Investigating the Inhibitory Effects of Blebbistatin on Actomyosin Interactions in Myofibrils and Isolated Myofilaments

Abstract Myosin II is the molecular motor responsible for muscle contraction. Myosin II hydrolyses ATP into P i and ADP, to convert chemical energy into mechanical work while attached to actin filaments. The relation between force generation and P i release remains unclear. Many studies use chemical substances, such as blebbistatin, to study the transitions during actomyosin interactions. Blebbistatin and its derivatives selectively inhibit the actin-activated ATPase of myosin II, accumulating myosin cross-bridges in a pre-power-stroke state. Although the effects of blebbistatin have been explored, it is still unclear how blebbistatin affects force generation and the velocity of contraction. In this study, we used individual myofibrils, myosin and actin filaments, and isolated heavy meromyosin (HMM) and actin filaments to characterize the effects of blebbistatin.
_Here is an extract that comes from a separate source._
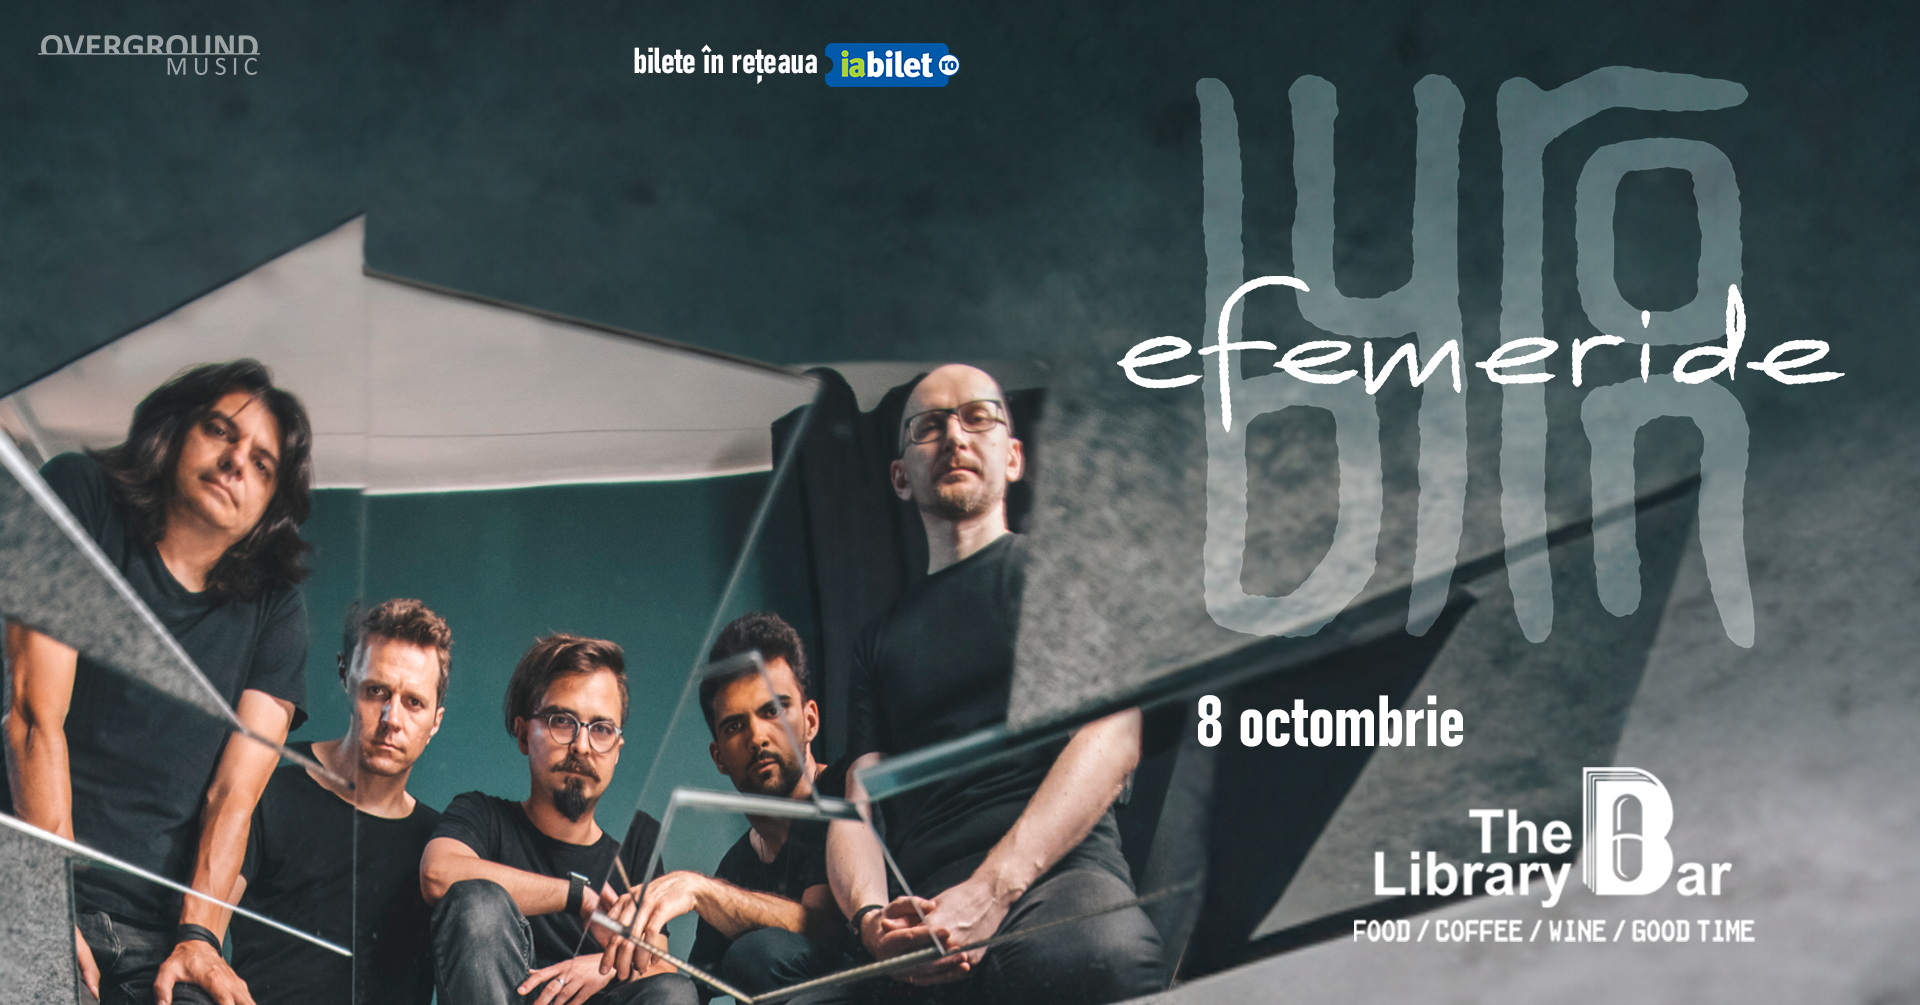 byron lansare album ‚Efemeride’ @ The Library Bar

We observed that increasing concentrations of blebbistatin (i) decreased the force produced by myofibrils and isolated myosin filaments, (ii) decreased the maximum velocity of shortening produced by myofibrils and the myosin-induced actin sliding velocity, (iii) decreased the curvature of the force-velocity relation in a dose-dependent manner. Furthermore, UV radiation reduced the effect of blebbistatin, which was partially reversed if blebbistatin was bound to myosin before exposure to UV light. These results show that blebbistatin alters force and velocity generation at the molecular, myofilamentous and myofibrillar levels. This study has interesting implications in fields which rely on using blebbistatin to study cellular processes and confirms several results published in different experimental arrangements. Thus, this study is exploratory and confirmatory, and the findings have utility surrounding cell migration, muscle biophysics, cellular reproduction, or any processes that rely on the action of myosin II.